The expected result is the material below, reproduced exactly from its first line through the line containing "pinguins-spotten-zuid-afrika".

▶ _DATA IN THIS EXERCISE_

===============

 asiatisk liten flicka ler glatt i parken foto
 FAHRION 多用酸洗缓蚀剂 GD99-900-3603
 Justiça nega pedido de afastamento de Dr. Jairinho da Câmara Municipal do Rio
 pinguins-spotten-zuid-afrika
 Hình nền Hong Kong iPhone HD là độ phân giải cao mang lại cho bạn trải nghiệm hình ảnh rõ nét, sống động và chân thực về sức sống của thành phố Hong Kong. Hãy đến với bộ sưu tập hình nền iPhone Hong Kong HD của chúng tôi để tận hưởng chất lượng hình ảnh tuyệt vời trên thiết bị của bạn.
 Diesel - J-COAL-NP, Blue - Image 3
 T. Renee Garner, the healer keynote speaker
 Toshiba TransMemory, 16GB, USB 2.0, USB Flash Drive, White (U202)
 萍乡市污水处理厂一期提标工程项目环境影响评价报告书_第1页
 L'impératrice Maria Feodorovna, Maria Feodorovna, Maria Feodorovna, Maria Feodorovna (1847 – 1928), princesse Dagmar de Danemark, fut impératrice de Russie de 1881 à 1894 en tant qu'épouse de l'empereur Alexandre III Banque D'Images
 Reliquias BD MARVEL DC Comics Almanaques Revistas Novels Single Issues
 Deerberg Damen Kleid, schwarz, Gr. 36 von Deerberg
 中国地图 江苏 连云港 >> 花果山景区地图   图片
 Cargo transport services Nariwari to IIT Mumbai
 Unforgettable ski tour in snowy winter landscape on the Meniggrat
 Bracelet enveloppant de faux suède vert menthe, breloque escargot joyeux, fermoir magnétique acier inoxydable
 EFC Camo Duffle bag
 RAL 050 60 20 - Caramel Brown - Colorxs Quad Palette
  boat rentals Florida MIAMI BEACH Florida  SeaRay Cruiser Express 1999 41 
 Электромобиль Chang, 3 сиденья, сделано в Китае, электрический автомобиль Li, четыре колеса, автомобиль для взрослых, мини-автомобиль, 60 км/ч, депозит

===============

▶ _RESPONSE AREA_
 asiatisk liten flicka ler glatt i parken foto
 FAHRION 多用酸洗缓蚀剂 GD99-900-3603
 Justiça nega pedido de afastamento de Dr. Jairinho da Câmara Municipal do Rio
 pinguins-spotten-zuid-afrika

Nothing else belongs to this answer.